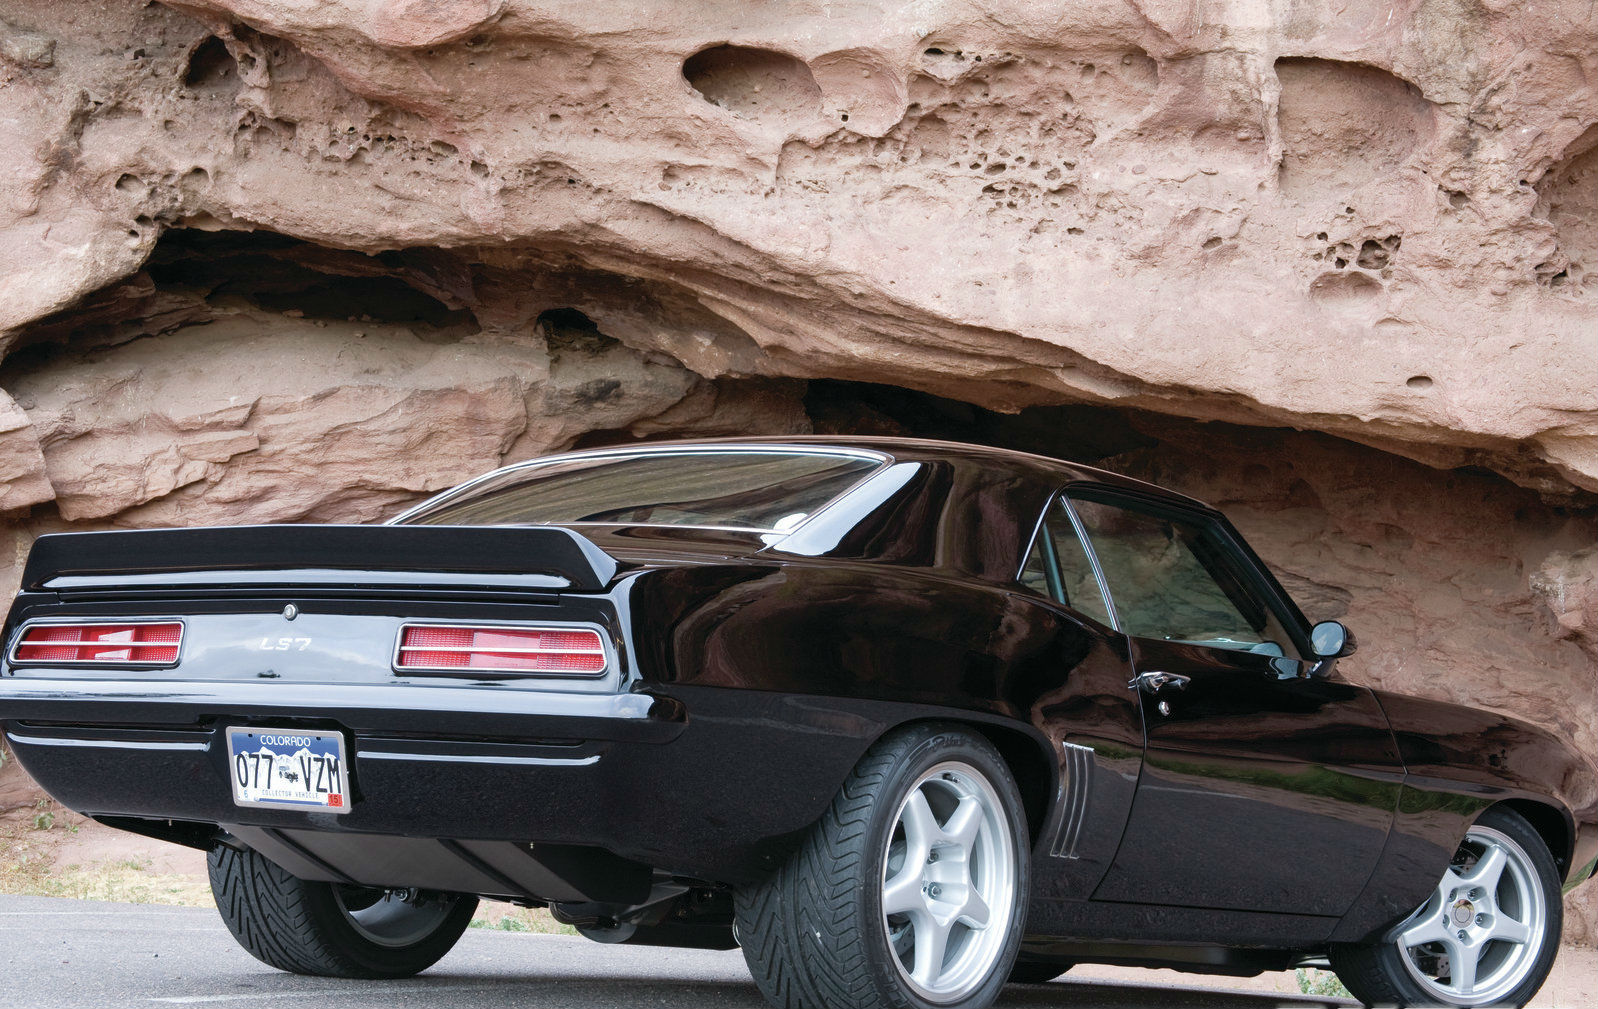 sucp_1211_10_1969_chevy_camaro_road_rage_
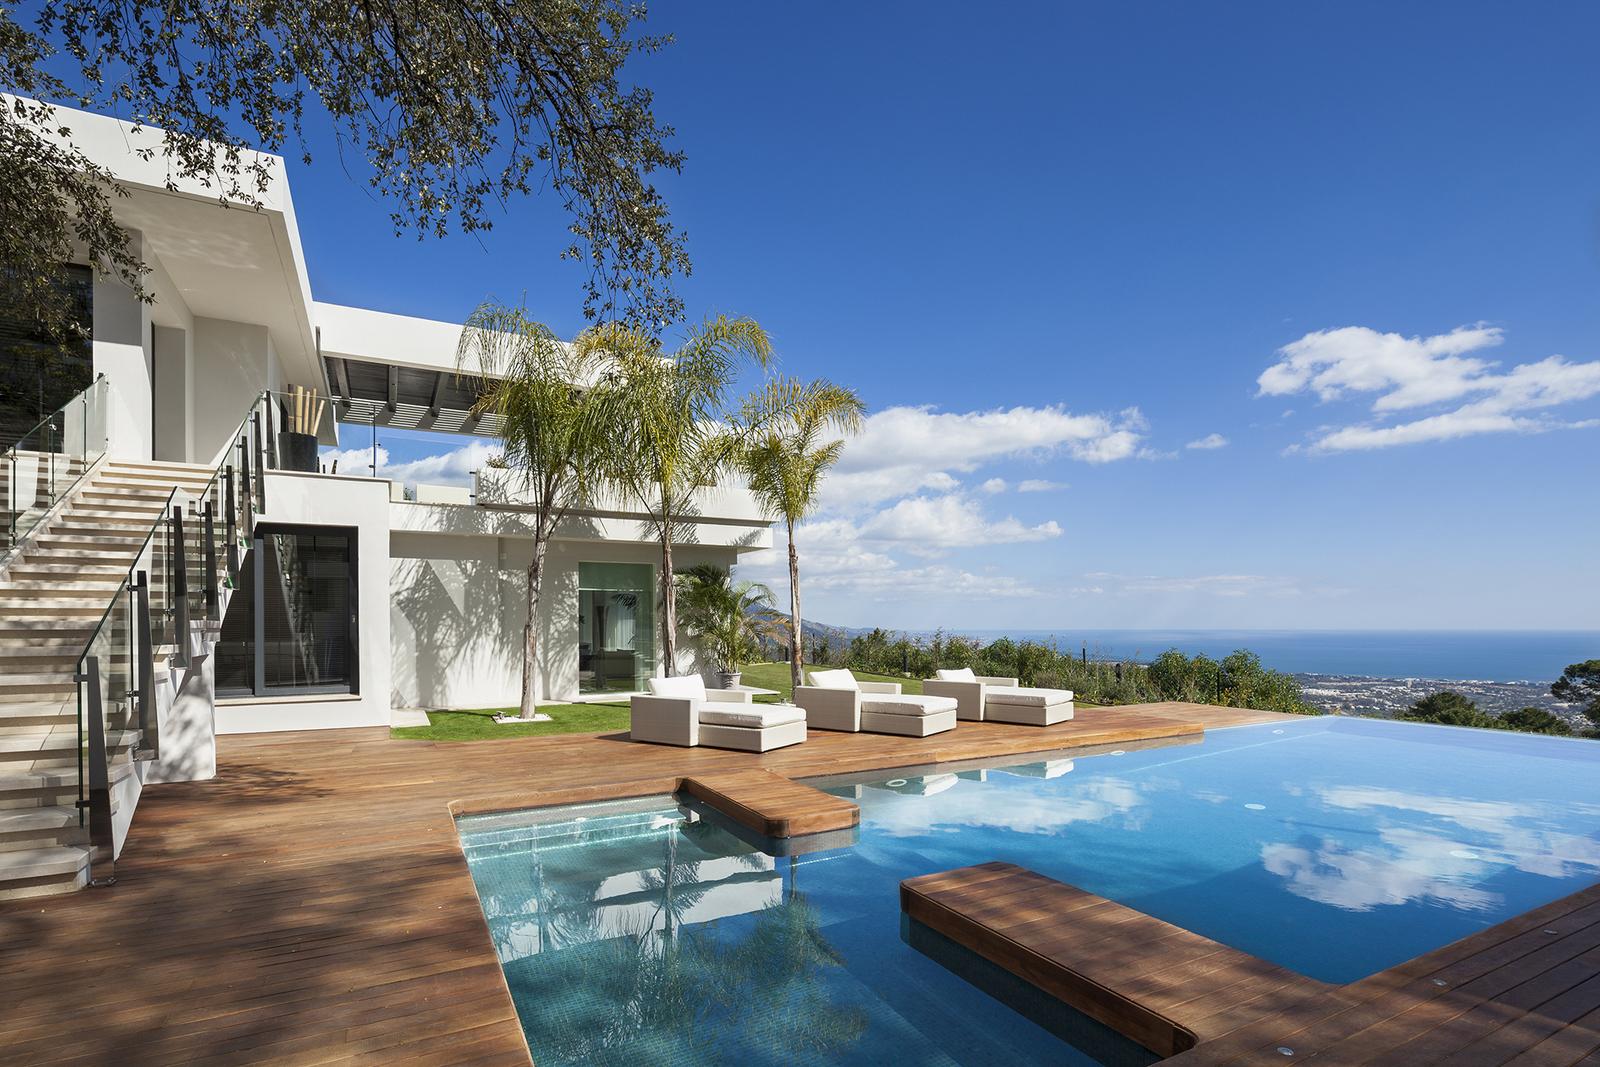 Unique new villa in La Zagaleta Golf & Country Club, the most exclusive residential estate on the Coast. 950 m2 Built. 4.237 m2 Plot. Price: 7.750.000€. Ref: DM3200-01
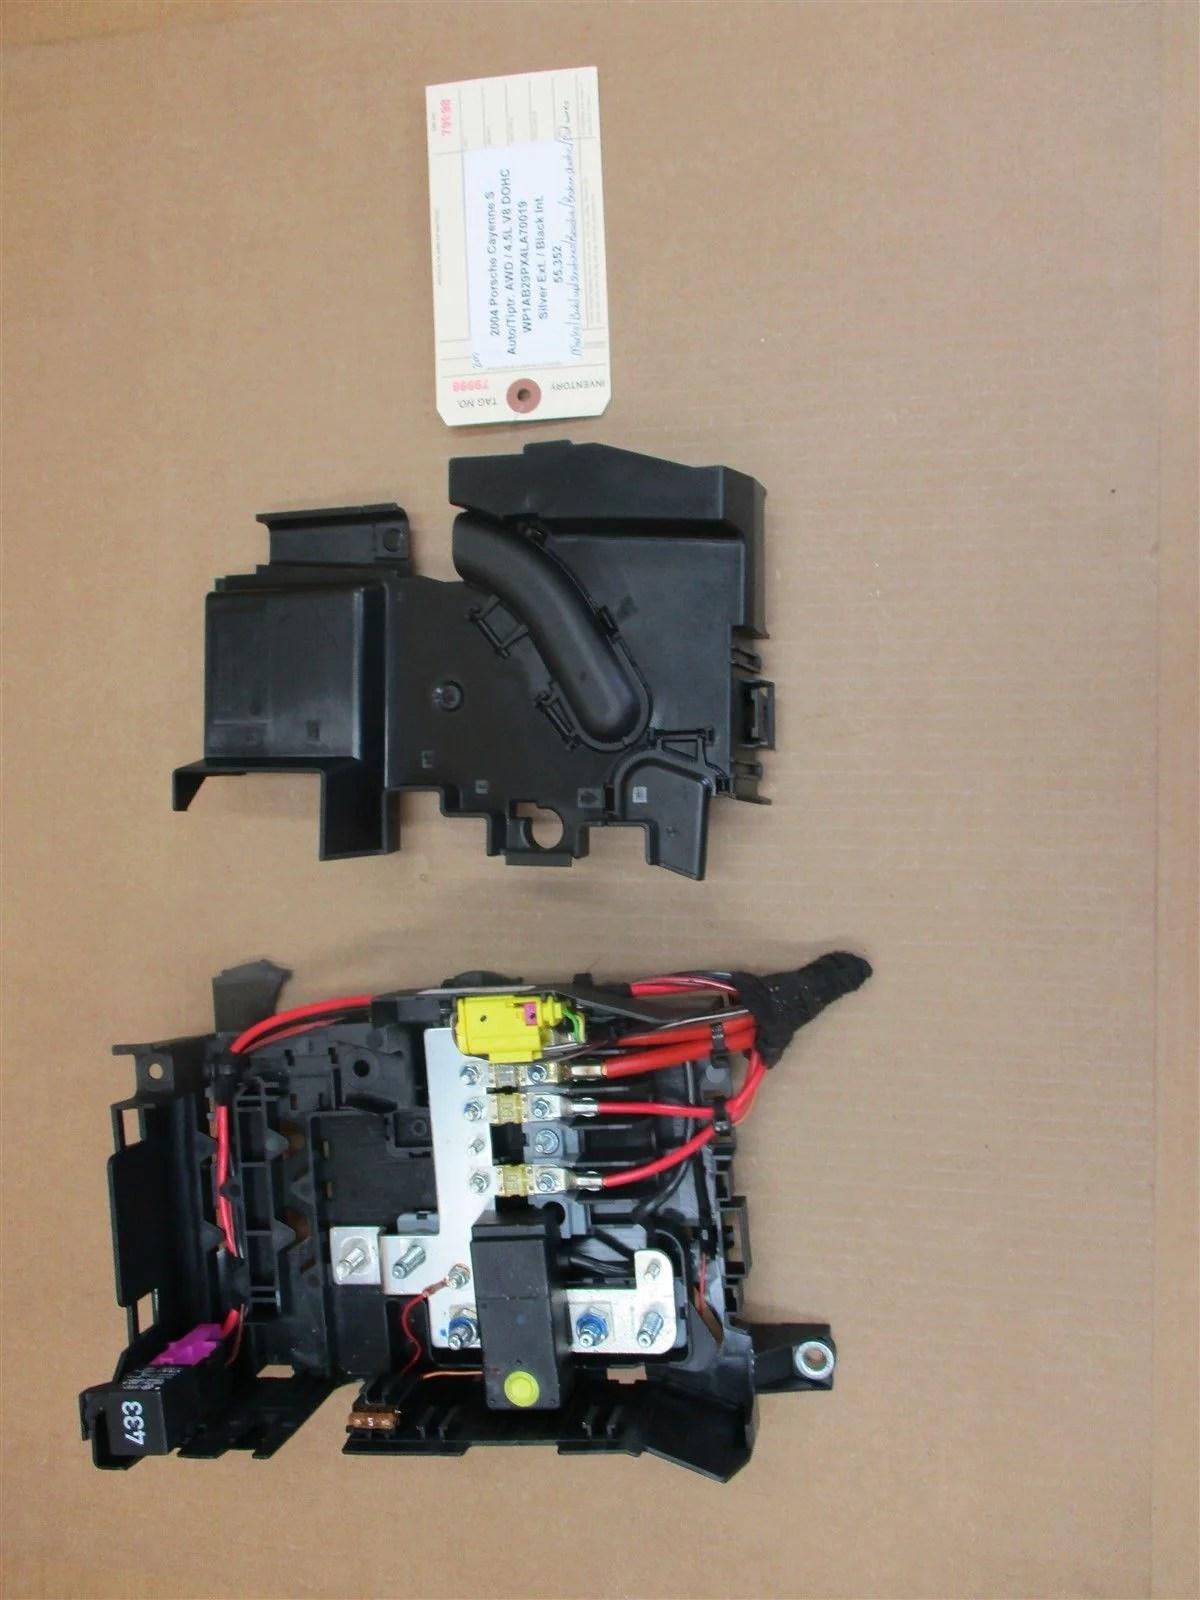 hight resolution of 04 cayenne s porsche 955 fuse box relay 7l0937548 3d0951253a 7l0937555 55 352
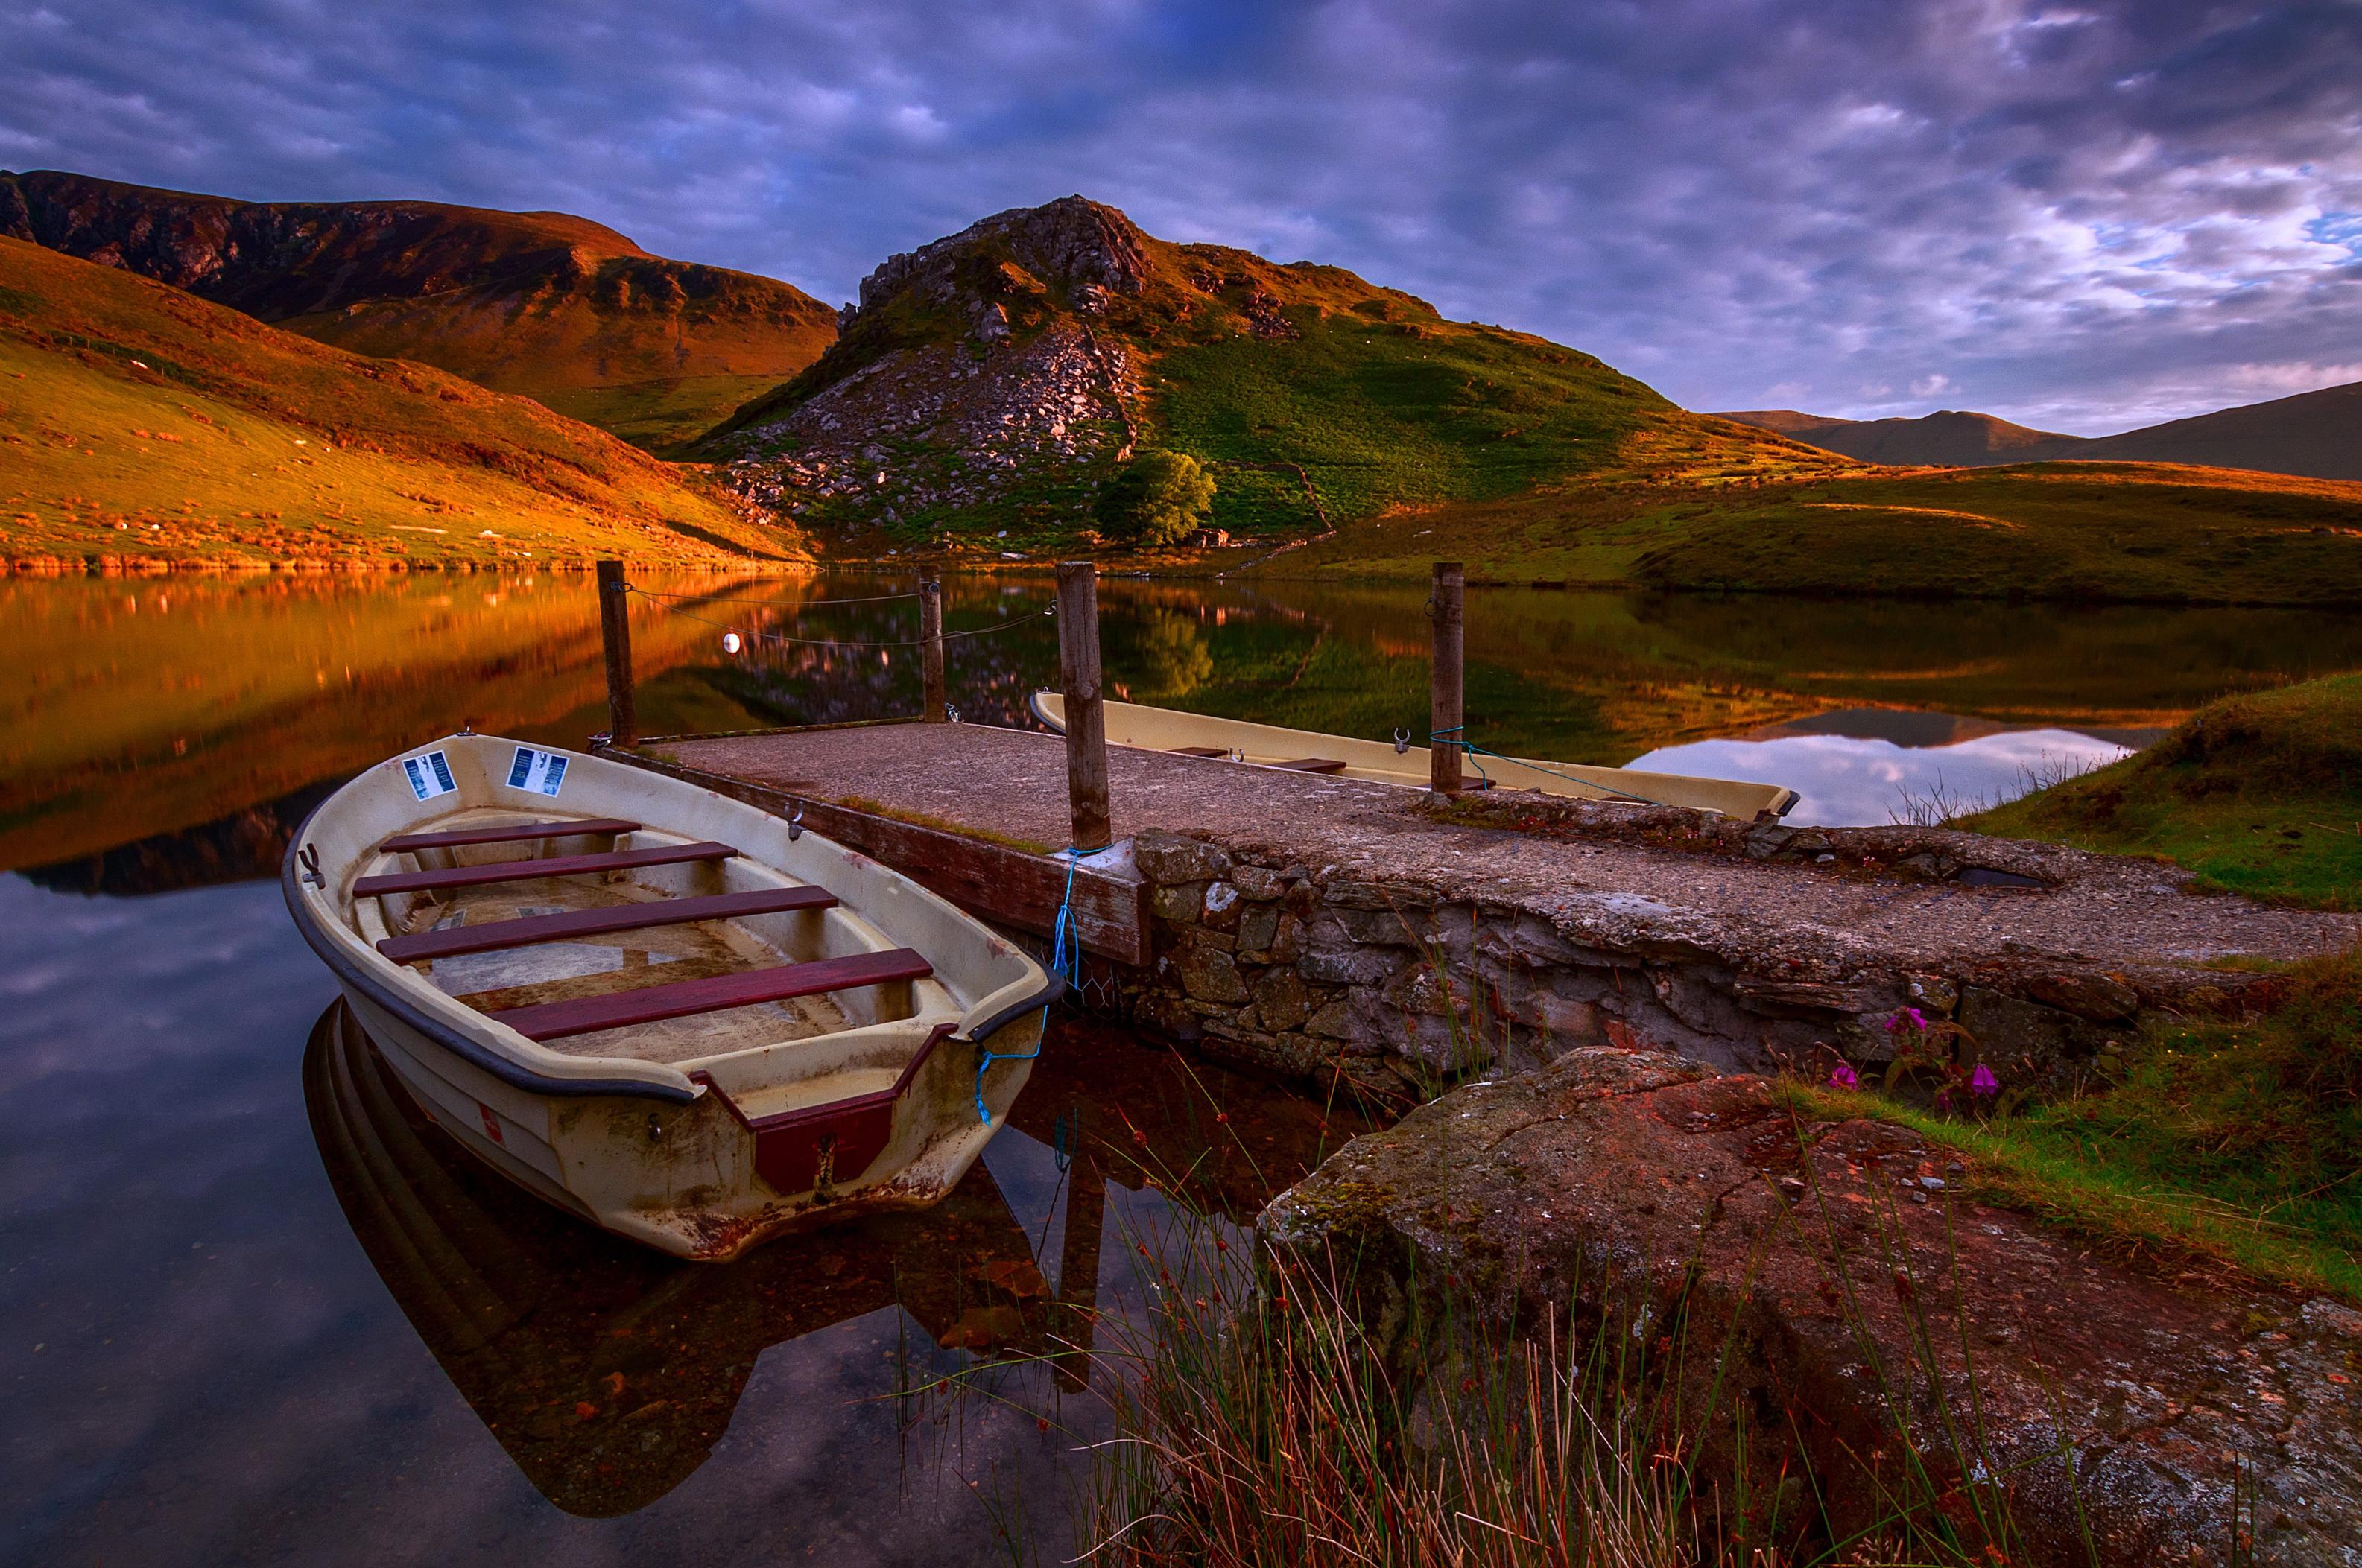 замки, озеро, лодка бесплатно
★ ★ ★ ★ ★
WORK ORDER:
Leave out every picture and copy verbatim the lines running from the line containing "hight resolution of" through the final line of the data.

SOLUTION FOR THIS PROBLEM:
 hight resolution of 04 cayenne s porsche 955 fuse box relay 7l0937548 3d0951253a 7l0937555 55 352
 замки, озеро, лодка бесплатно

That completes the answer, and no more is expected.